By Boxing Day that number had risen to 116, 98 in Wye River and 18 in Separation Creek, or Sep as the locals call it.  I would wait over 24 hours before hearing that my house had miraculously survived, while others on the same street, more exposed to the bush, had burnt.  Other home owners would wait longer to hear the fate of their homes.  Twitter hashtags #vicfires and #wyereiver both a blessing, the source of unofficial confirmation, and a cause of more stomach lurching: one tweet from a local, 'Riverside got hit hard'.

During the days after the fire I spent an obsessive amount of time on my phone.  While mobile technology has gifted us with applications that literally save lives, that same technology has hatched a fixation in times of crisis on a live stream of comment, photographs and videos, calling out for own raw contributions to the feed.  TV seems, and is, staged in comparison.  My neighbour posted a photo on Instagram of his house on Christmas Day with the fire clearly visible over the rooftop; someone took a photo from the inside of their car as they left Wye with the fire closing in on Separation Creek, a dog's face in the passenger seat oddly reassuring; and Mashable Australia helpfully compiled some of the Christmas Day social media activity on one page.

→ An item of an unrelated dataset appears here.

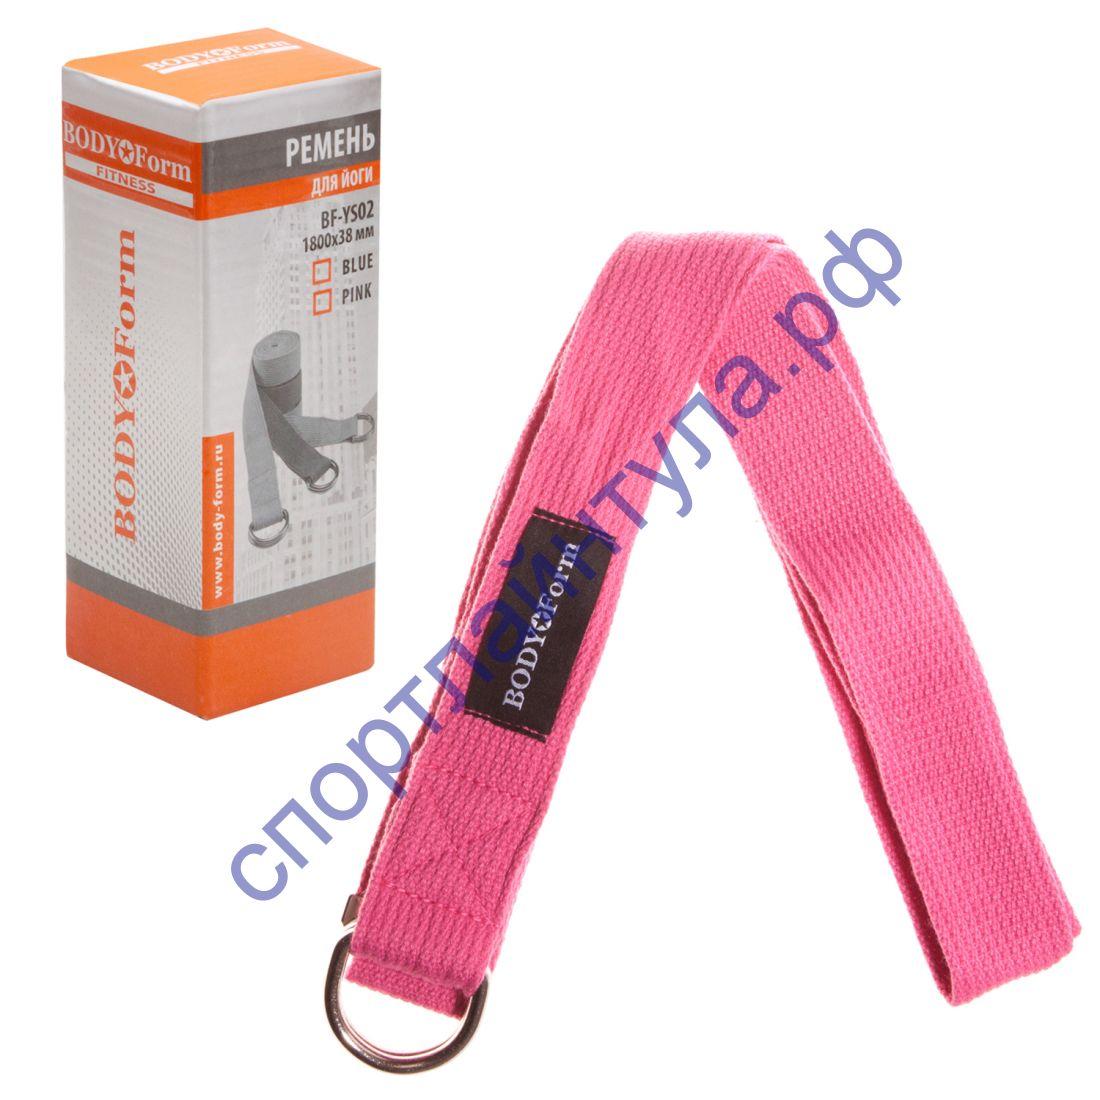 Ремень для йоги BF-YS02 pink

The most important, and the most astounding outcome of the Christmas Day fire was that no one lost their lives.  There was no better news than that.  The house I've owned for less than a year and the first house I've ever purchased, made it.  I have cherished memories of the times I've spent at Wye River: the view from my deck 2 weeks before the fire; our dog Nero passed out in the sun on that deck;  a family lunch the last time we were all together at Wye in October; a drawing of the 'Wye Beastie', a whimsical offering from a friend, now framed and hanging in the spare room.


A house is more than its contents, a house brims with memories, with the times we've spent in it with family and friends.  In the ten months I've owned that house I've shared it with loved ones and holiday renters I've never met.   The previous owner who owned the property for 19 years asked me to look after 'her'.  Her.  As a Buddhist I had to remind myself as this tragedy unfolded, that this was a perfect example of attachment playing out.  But there is little relief in acknowledging that in a time of crisis, or in its aftermath.  Our attachment to home, to place, runs deep and quick.